In Middle Ages the Canon Episcopi was believed to be dated back to the Council of Ancyra in 314 e.v., probably because of a mistake in the interpretation made by Burchard of Worms at the beginning of 11th century, who maybe read a text of the Canon copied immediately before some of the dispositions of Ancyra’s Council. It was probably Burchard who added the name of Herodias and the final sentence "worse than a pagan". Actually the Canon is a Frank capitulary, according to what the historian Carlo Ginzburg says in his Ecstasies: deciphering the witches’ Sabbath, written by Regino, bishop of Prum. The church considered it valid for a long time, as it’s proved by its inclusion in some collection of following centuries: Burchard’s collection, the Decretum by Ivo of Chartres and the Decretum by Gratian, that some scholars consider the first codification of the coming canon law.
It seems that other texts before hint at "Diana’s society", so the Canon wouldn’t be the first to talk about it.

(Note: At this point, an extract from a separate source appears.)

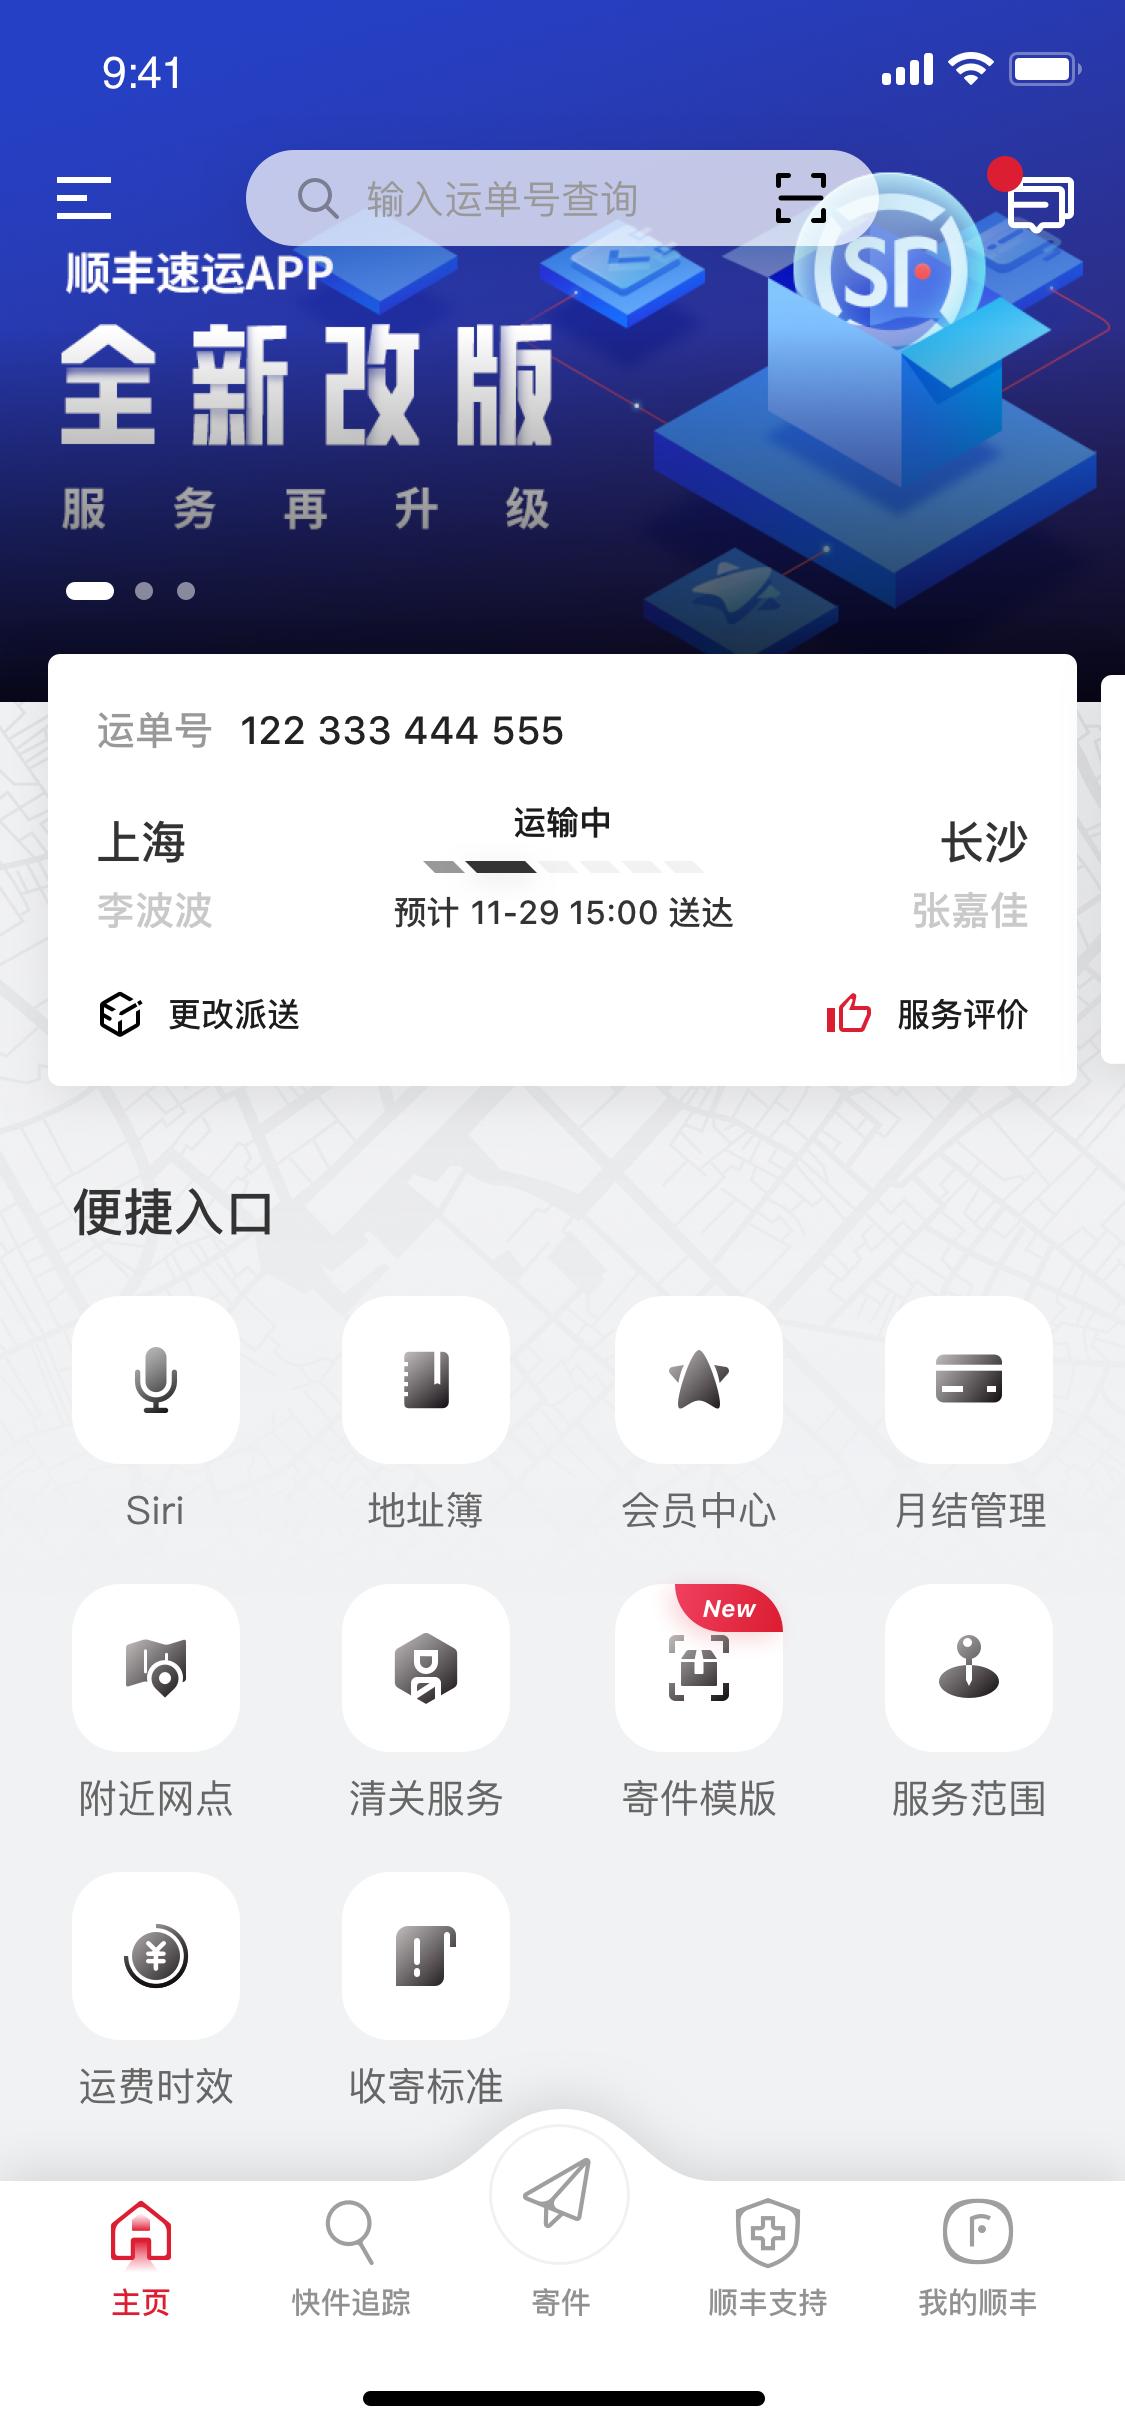 SF Express App

But it’s certainly the first to centre the attention on the matter; it never uses the word "witch" and only centuries later Diana (or Hecate, or Herodias, or "the Lady of the Game") will be replaced by the devil. Of course the Canon can’t deny the work of the devil behind all this, but this work is limited to deception, to illusion. Women who believe to travel at the service of Diana are weak-minded people, whose poor faith allows the devil to deceive them, but they aren’t intentionally signing a deal with him. These women don’t cast curses: Diana’s society appears to play only a ludic role and it’s clear the Regino is fighting the last, maybe unconscious, rests of paganism.
The declaration that these gatherings of "witches" are just fantasy, must not lead us to think that witches weren’t condemned; in the Canon the condemnation appears to be limited to be out of the Grace of God and so to the banish from the parish, which we can consider a light sentence if compared with the death by stake sentence of following centuries, with the charge of heresy first and then of witchcraft, when ecclesiastics, popes and learned men will believe and try to demonstrate the reality of wicked actions of witches. The Canon Episcopi will become a support not only for those who continue to deny the reality of witch gatherings (the belief in them will be considered a heresy until about 13th-14th century), but also for those who will affirm this reality: they’ll simply say that what the Canon is talking about is not what they are persecuting.
Surely in the Canon we can find all the elements that will participate to the "diabolic sabbath" persecuted by the church: practices of divination and magic, the devil’s presence, the night fly riding certain animals, being at another entity’s service, the shapeshifting.